Ника закричала и закашлялась, чувствуя спиной жар огня, лижущего стену. Она сгорит! Она сейчас потеряет сознание, задохнется и сгорит! Дети! Надо выводить из дома детей!
Воронка из черного дыма, крутящегося перед глазами, вдруг развеялась, и Ника поняла, что призрак исчез, она одна в горящей комнате, и огонь воет вокруг нее, и дым наполняет комнату, несмотря на сквозняк. Она вскочила и кинулась к двери, и не подумав прихватить халат – дверной косяк горел вовсю и грозил вот-вот рухнуть и перегородить ей выход из комнаты.
– Марта! Майя! – Ника зашлась кашлем – коридор заполнился дымом, в нем вообще невозможно было дышать. А ведь дверь в детскую распахнута, значит, туда тоже добрался дым!
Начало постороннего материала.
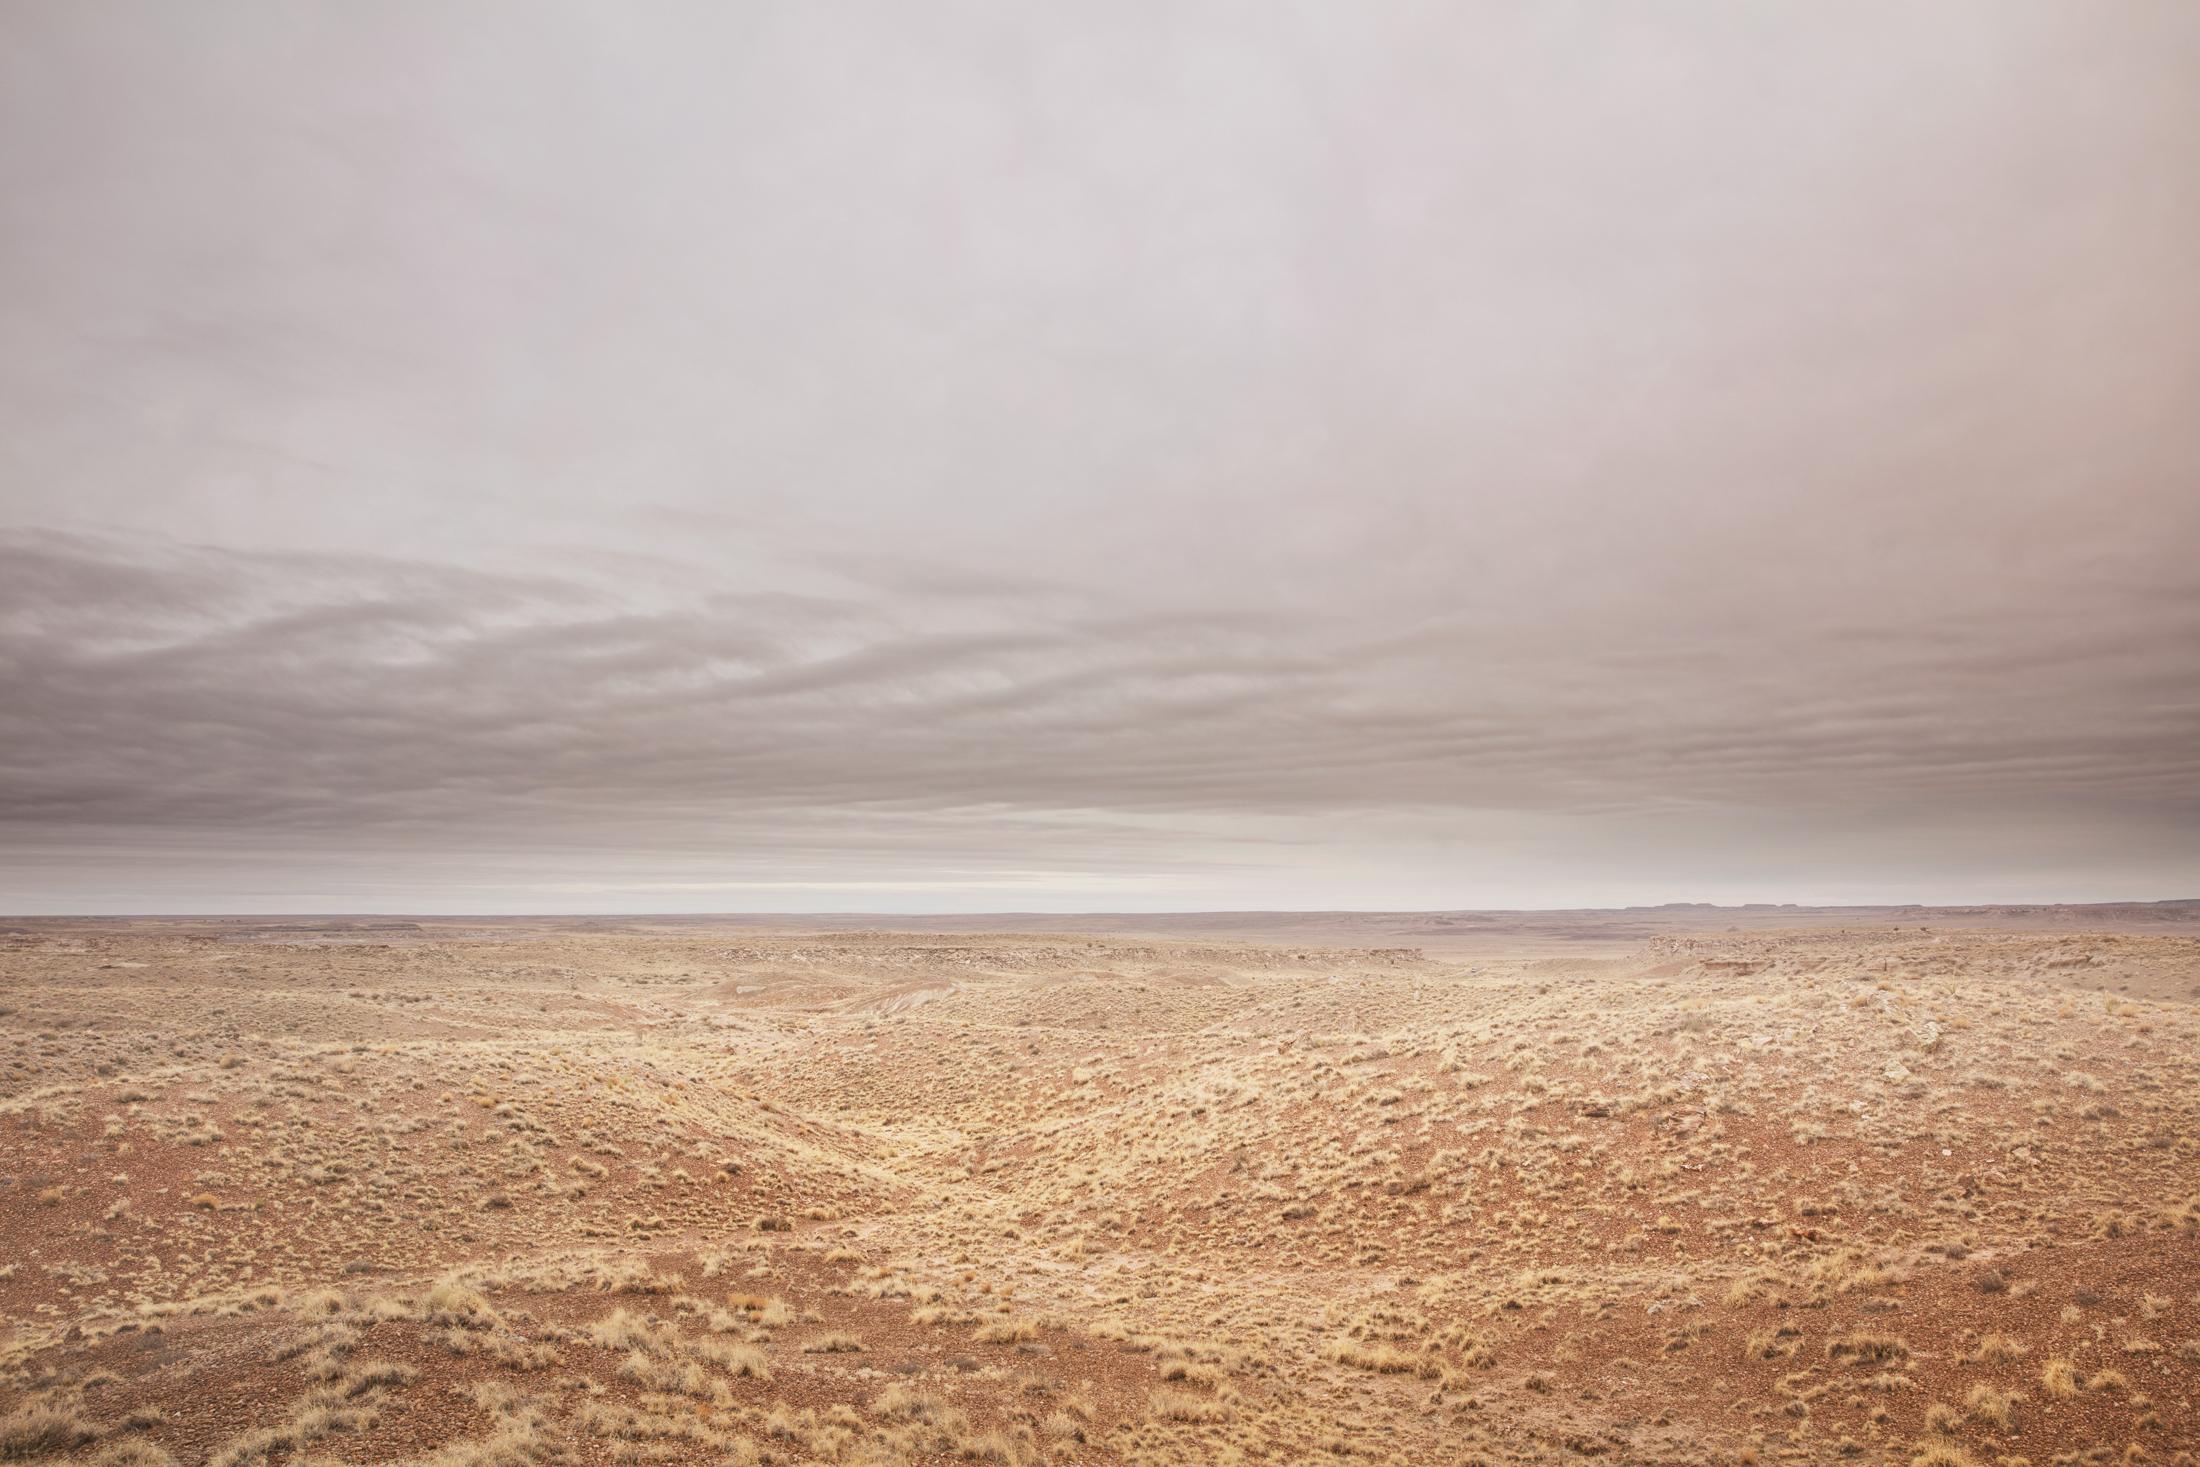 5) Infinity Series #4279, Arizona. Photograph, 32X48 inches, 2017.

Она добежала до их дверей и в этот миг ей на голову хлынула вода. Она вскрикнула от неожиданности, остановилась, накрывая руками голову, и только потом сообразила, что сработала пожарная сигнализация.
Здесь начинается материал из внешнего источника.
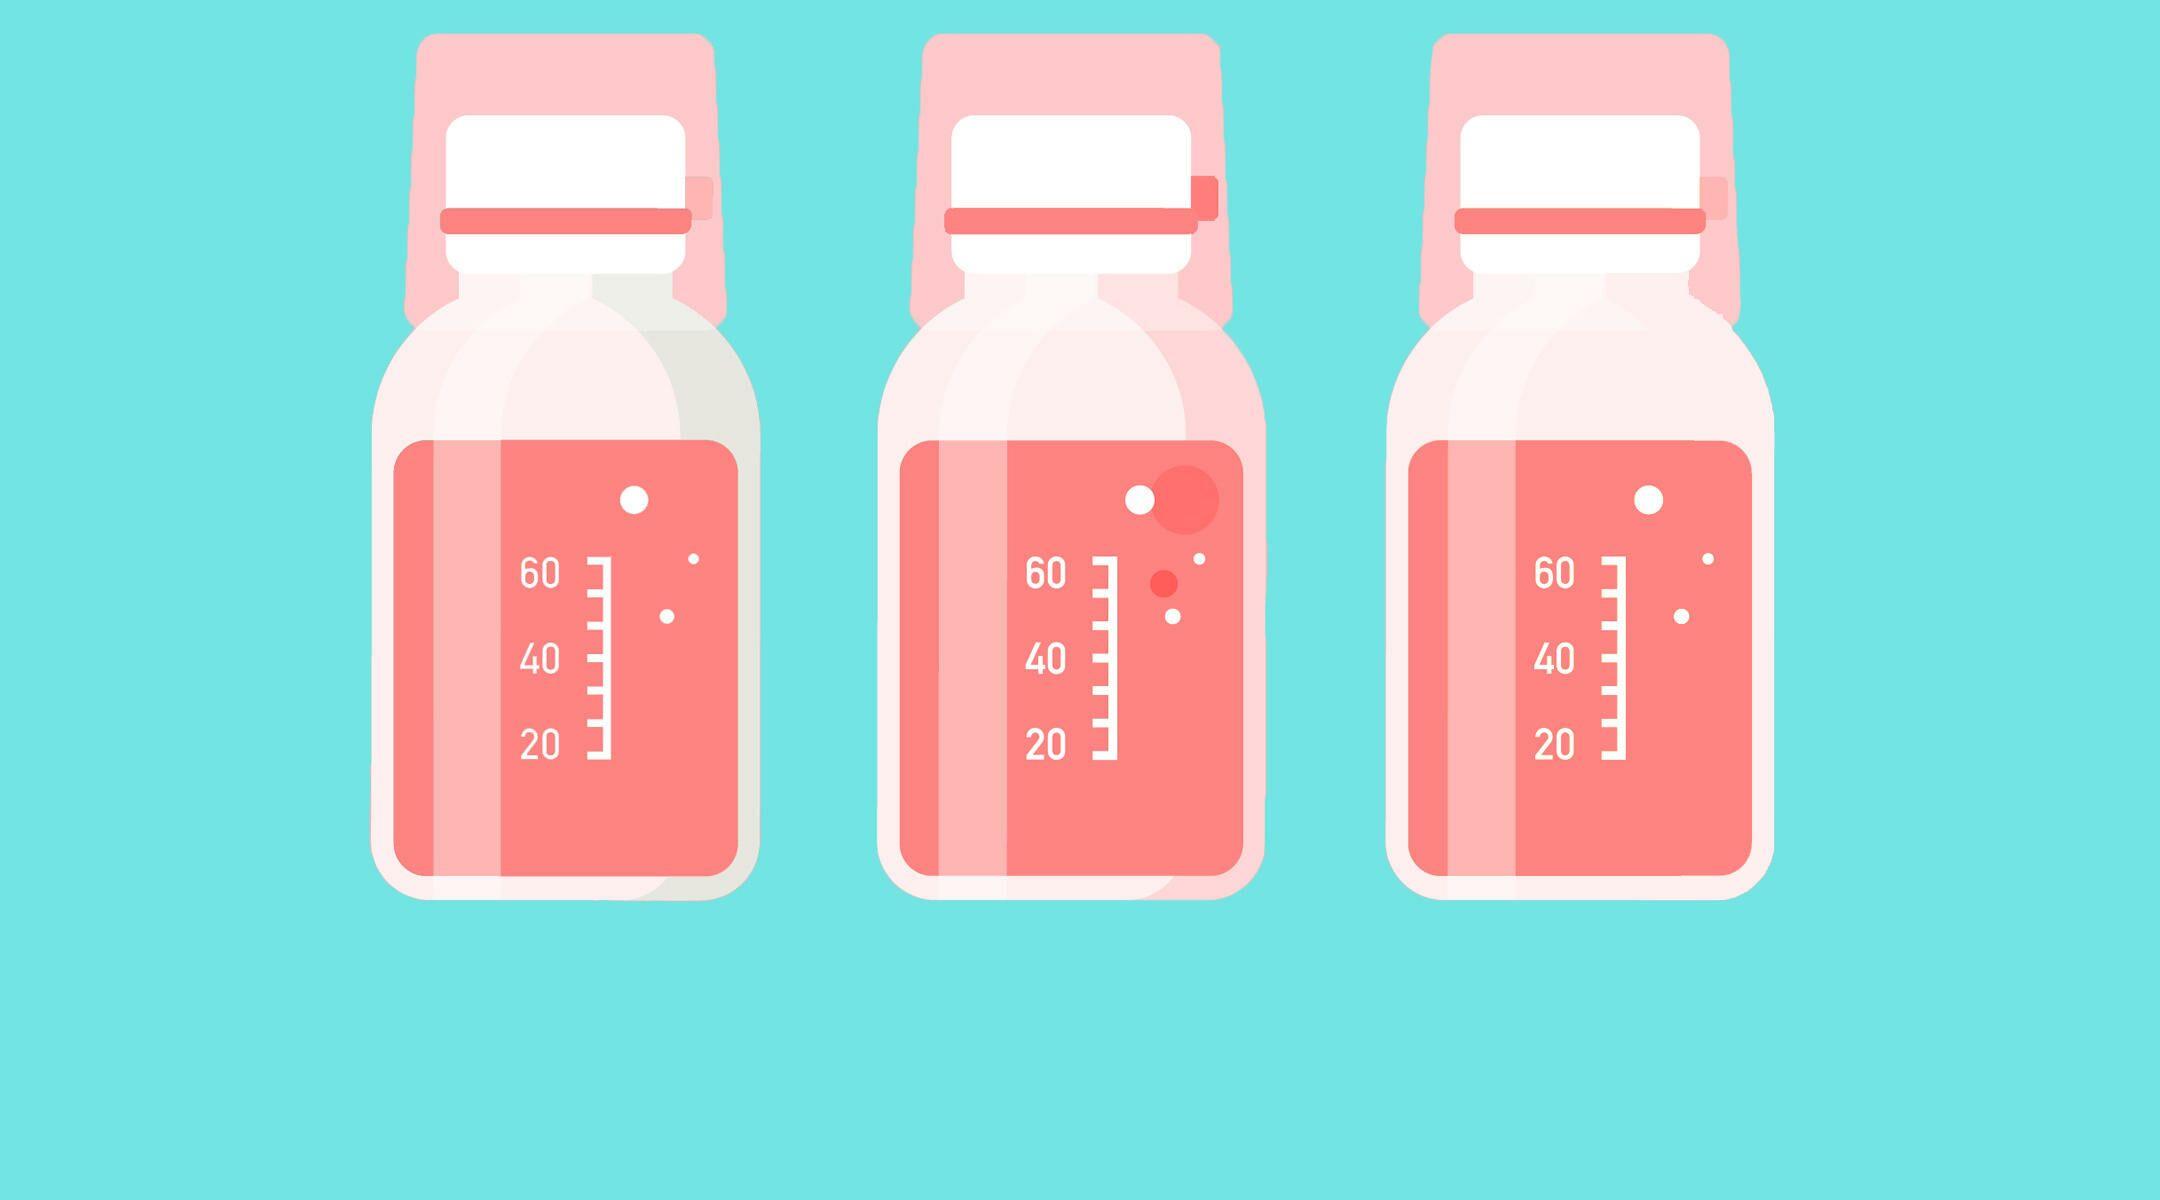 Infant tylenol acetaminophen dosage chart nvjuhfo Images

– Девочки! – крикнула она.
В детской дыма было немного, сквозняком его оттягивало в гостиную. Ника растормошила сперва Майю, а потом быструю и сообразительную Марту.
– Скорей, девочки, скорей! Держитесь за меня! – Ника поволокла их к выходу – все равно надо пройти через задымленный коридор, чтобы выбраться из дома, – не дышите, задержите дыхание!
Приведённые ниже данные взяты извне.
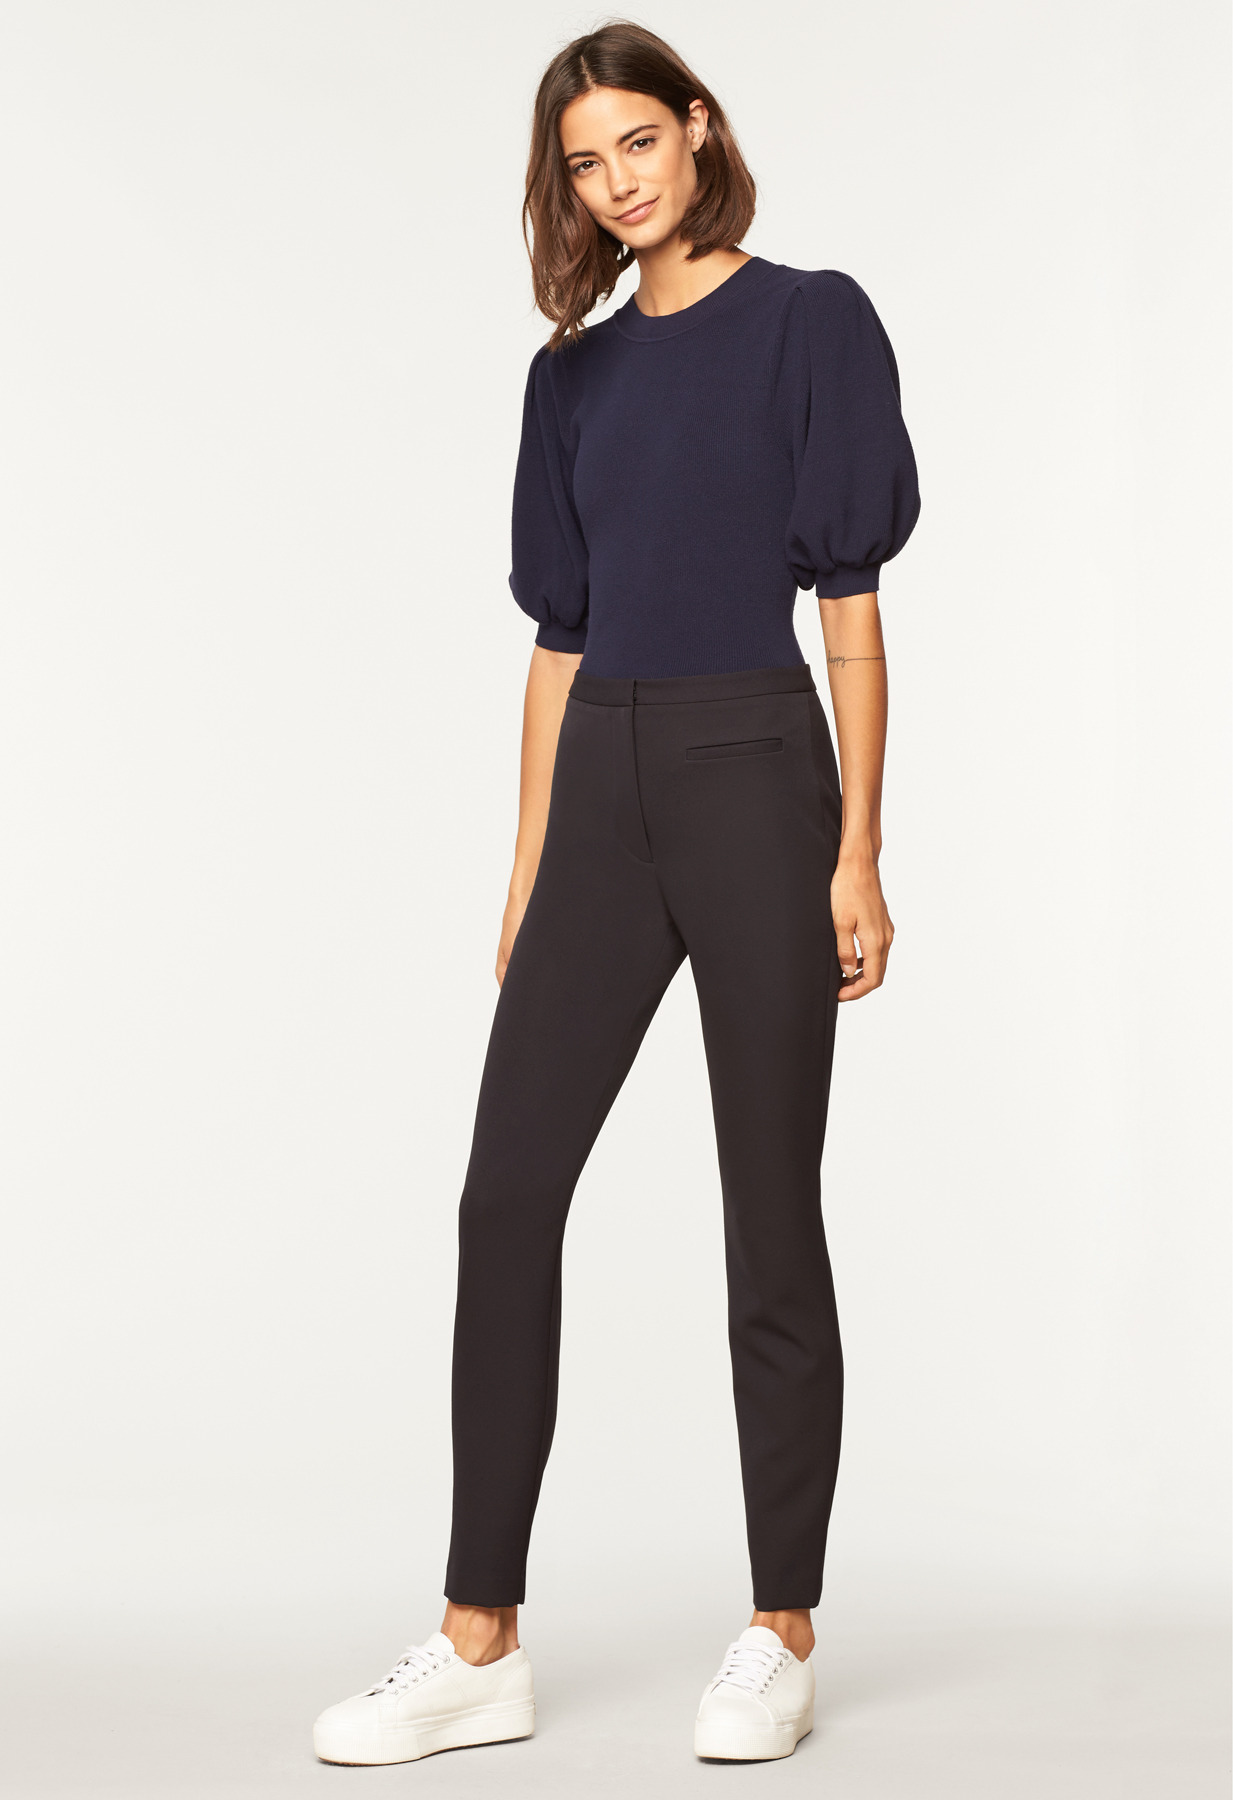 53fac5368e3 MILLY Contemporary Clothing

Близняшки закашлялись, не очень-то вняв ее предупреждению. Вода хлестала из-под потолка, дым из ее спальни валил горячей стеной – сигнализация сработала и там. Ника тащила детей в гостиную, они спотыкались, спросонья не понимая, что происходит, и, оказавшись на лестнице, обе рыдали в голос.
В гостиной дыма тоже оказалось предостаточно, Ника не остановилась, стаскивая девчонок вниз, надеясь, что никто из них не упадет и ног не переломает. Здесь хотя бы на голову не лилась вода. Нормально вздохнуть им удалось только в прихожей. Ника распахнула дверь на крыльцо и вытолкала их на свежий воздух.
– Мама! Мамочка! – выли обе, продолжая кашлять. Пижамы их насквозь промокли, а на улице было хоть и не холодно, но явно не жарко. Ника обняла обеих и усадила на ступеньки.
– Ничего страшного, – прошептала она, вытирая слезы, – сейчас все потухнет. У нас хороший дом, он не может сгореть. Видите, нам тоже не нужны пожарные. Мы проветрим и пойдем спать. Все будет хорошо.
Тишина окружила их со всех сторон, прерываемая только всхлипами близняшек. Долина спокойно дремала в предрассветных сумерках. В лесу послышалась негромкая птичья трель – собиралось взойти солнце.
Весь следующий день Илья «лечил» избушку. Страшные черные ожоги, опоясавшие ее стены, почему-то причиняли ему невыносимые страдания. Нижние венцы служили ей фундаментом, но, посмотрев как следует, Илья понял, что ему не придется их менять – выгорел только верхний слой дерева, а поскольку толщиной они были не меньше полуметра, он посчитал достаточным просто счистить слой угля.
Конечно, свинцовый блеск после чистки пропал, цвет изменился, и когда Илья закончил, вместо черных пятен низ избушки покрыли пятна намного светлей, чем бревна наверху. Он отшлифовал дерево и поразился – вместо мрачного свинца дерево сияло серебром. Что ж, стоило почистить все стены, снизу доверху, чтобы выровнять цвет – не таким уж он получился отвратительным.
День выдался жарким, что для начала июня было редкостью, и Илья решил, что Сережке можно искупаться. Вода, конечно, до конца не прогрелась, но одно дело лезть в холодную воду зябким вечером, и совсем другое – купаться в прохладной воде в полуденную жару.